Mike Chi’s RetroTINK-5X Pro is the leading FPGA-powered upscaler on the market right now—truly impressive, since Chi’s a one-man operation. The 5x in the name refers to the upscaler’s ability to enlarge the video signal by five times (1200p) without quality loss, producing razor sharp pixels and a variety of scanline and retro filters. Similar devices like the OSSC, Framemeister, and RetroTINK-2X Pro offer similar functionality with fewer features at slightly more palatable price points. Chi is hard at work on a RetroTINK 4K, and other upcoming upscalers like the PixelFX Morph and OSSC Pro look to push the technology even further.
(For a more in-depth look at upscalers and FPGA consoles, refer to Brendan Hesse’s previously mentioned breakdown, which covers more options and optimal settings.)

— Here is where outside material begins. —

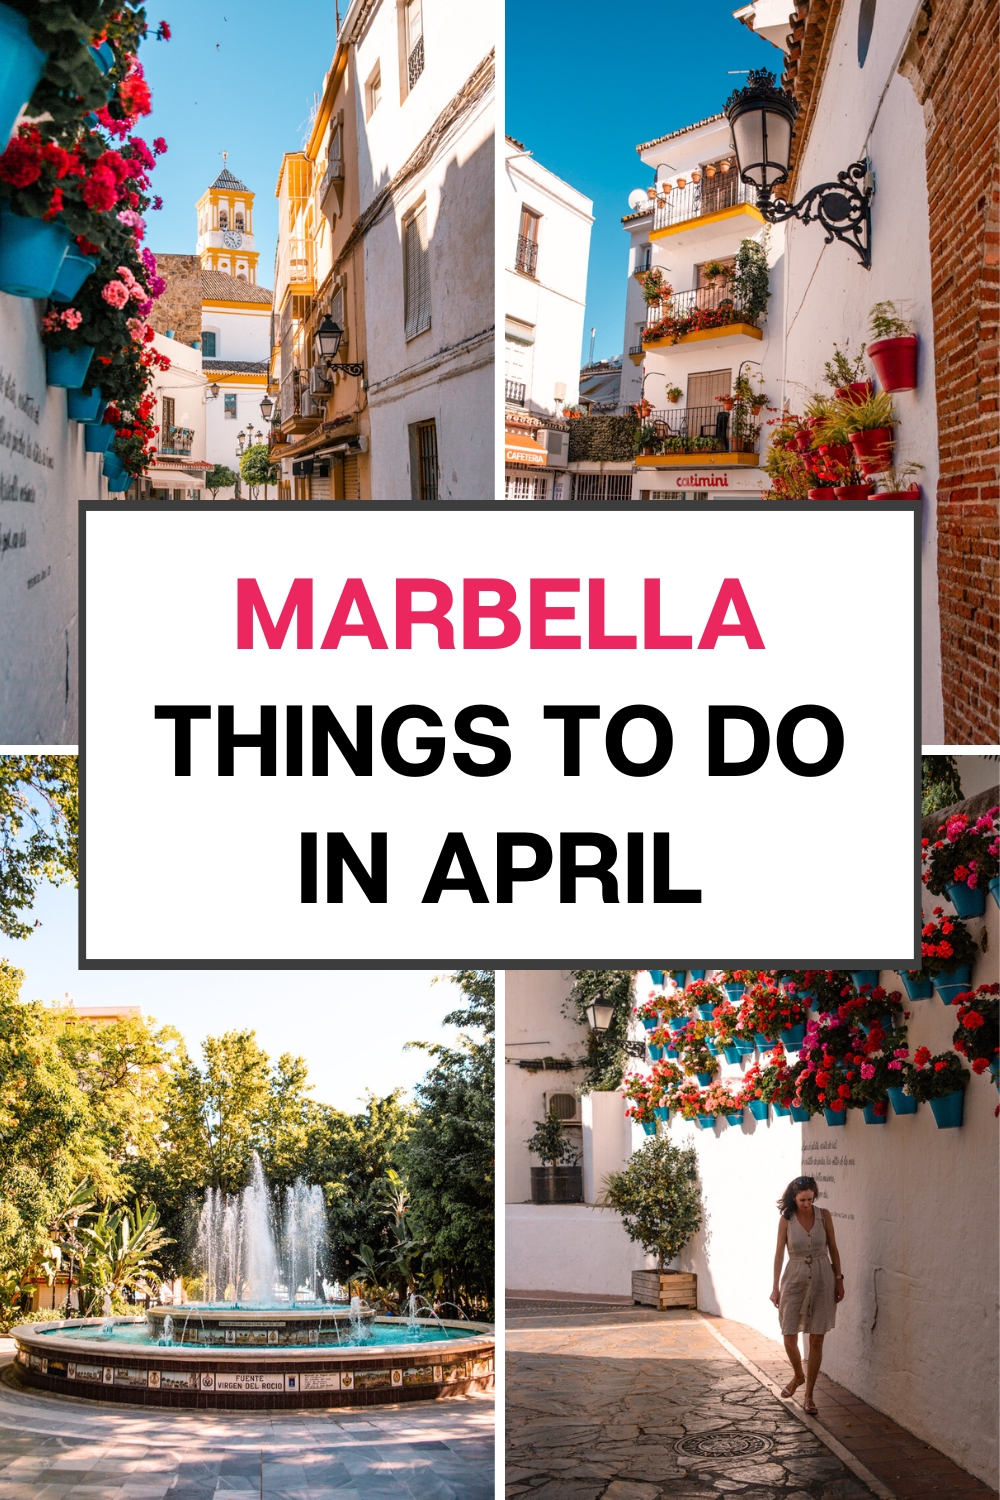 pinterest image showing the streets of marbella old town, fountain in alameda park and churches in marbella, with a headline: marbella things to do in April

Pros: So many options, broad console support, original hardware experience, gorgeous video quality
Cons: Expensive, requires access to original consoles and games
Scanlines or razor-sharp pixels?
There’s an argument to be made that the best way to play retro games is on CRTs thanks to their unique look and feel. Others want the cleanest image possible—pixels cut right at the source with no distortion. These FPGA and scaling devices often come with a bunch of features that let you emulate the look of older TVs by including scanline and scaling options to soften up the image, with results pretty close to original CRTs. Twitter accounts like @PROPixels and @CRTPixels do regular comparisons between sharp pixels, retro filters, and original CRTs, highlighting various options to get your games looking as good as possible.
Whether you’re into filters or not is a matter of taste, and might even depend on the console or game, but having the option to produce various types of images is one of the most appealing reasons to use a MiSTer or upscaler compared to options like emulation on modern game consoles—especially when you’ve optimized the settings using a tool like 240p Test Suite.

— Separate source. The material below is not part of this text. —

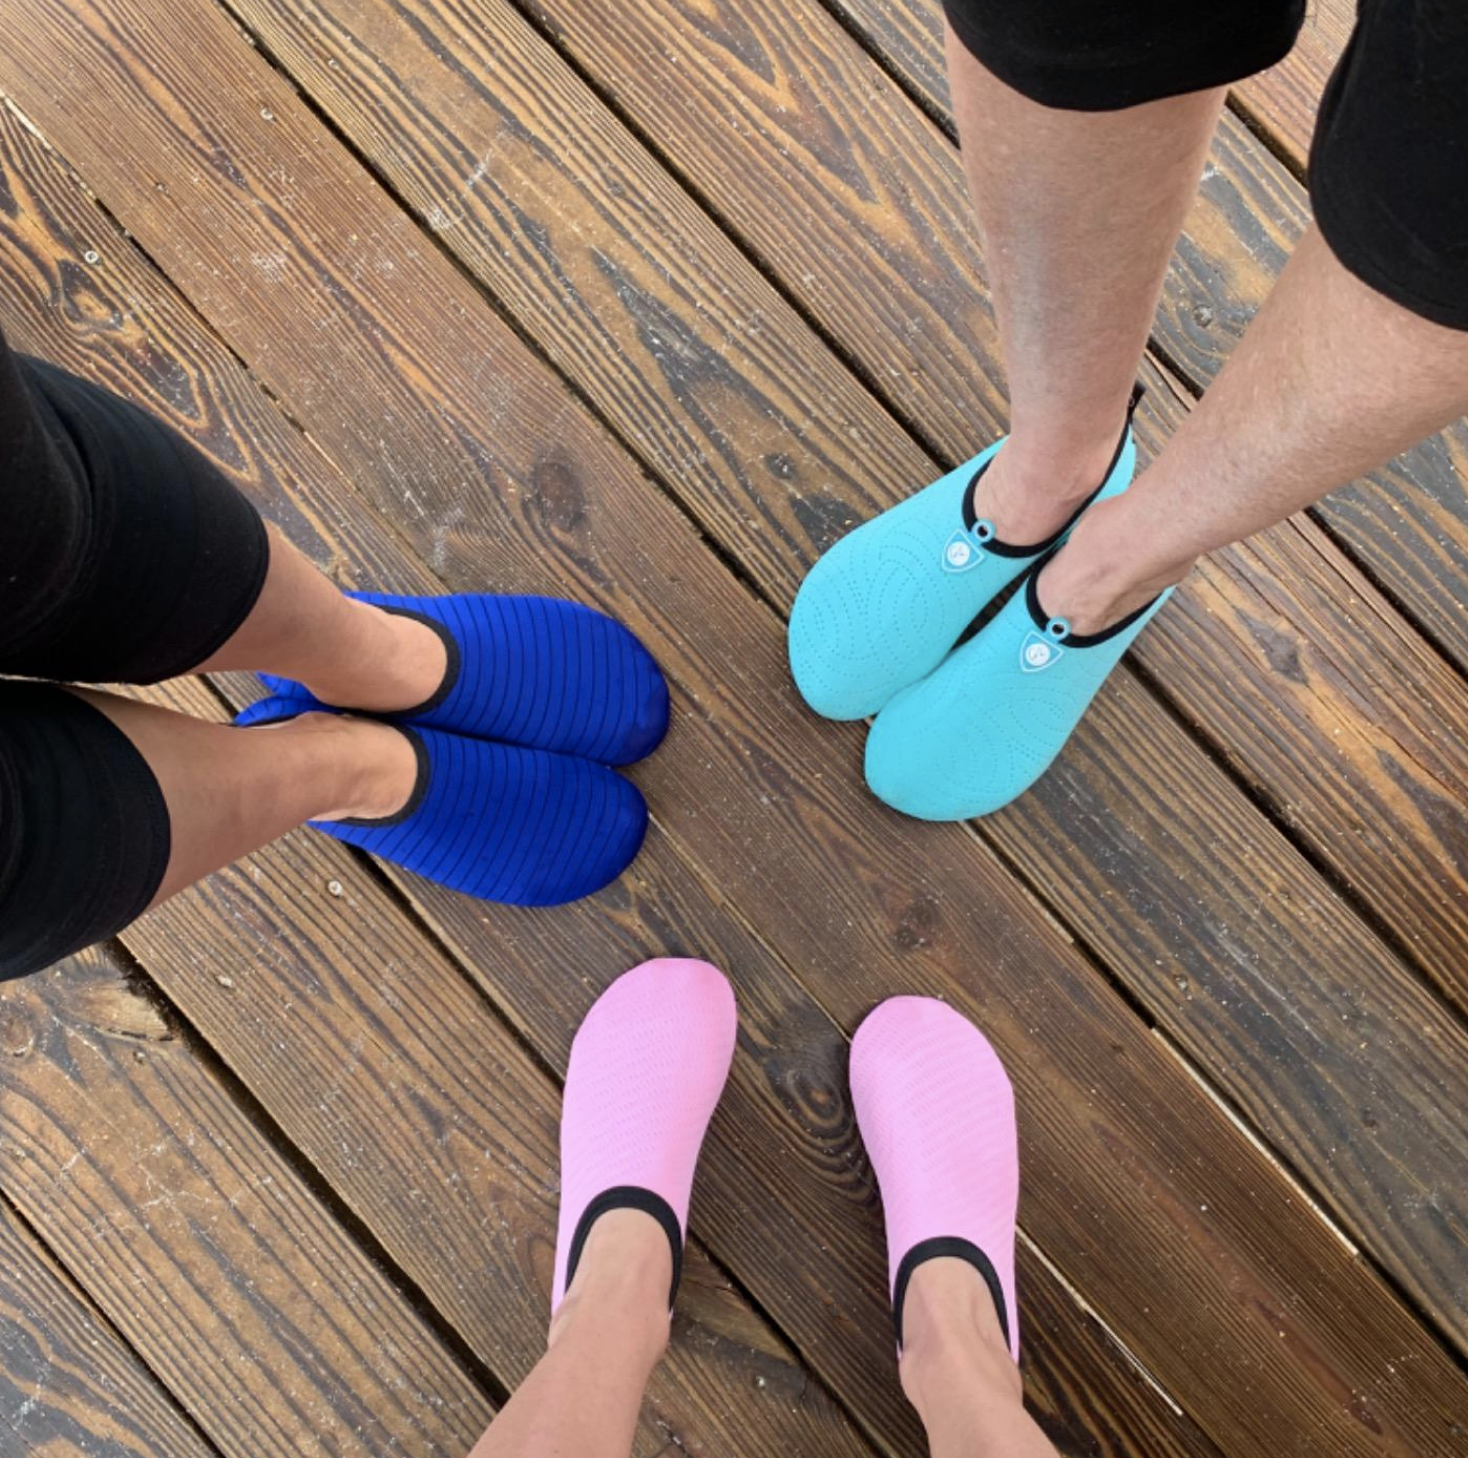 Three reviewers&#x27; feet wearing the workout socks in blue, light blue, and pink

However you choose to play your old games—on a flatscreen or CRT, with scanlines or raw pixels—there’s no wrong answer. Experiment to find what looks best to you.
I started out with one of Nintendo’s mini consoles and have upgraded to serious original hardware over time, but that doesn’t mean I don’t still have fun playing emulated games on my phone. My biggest piece of advice is to start small—grab a used mini console, check out ROM hacks of your favorite games, sign up for one of Sony, Nintendo, or Microsoft’s subscription service—and see if retro gaming is right for you. Whether you dabble or dive into the deep end, there’s never been a better time to get into old games, and it’s only going to get better from here.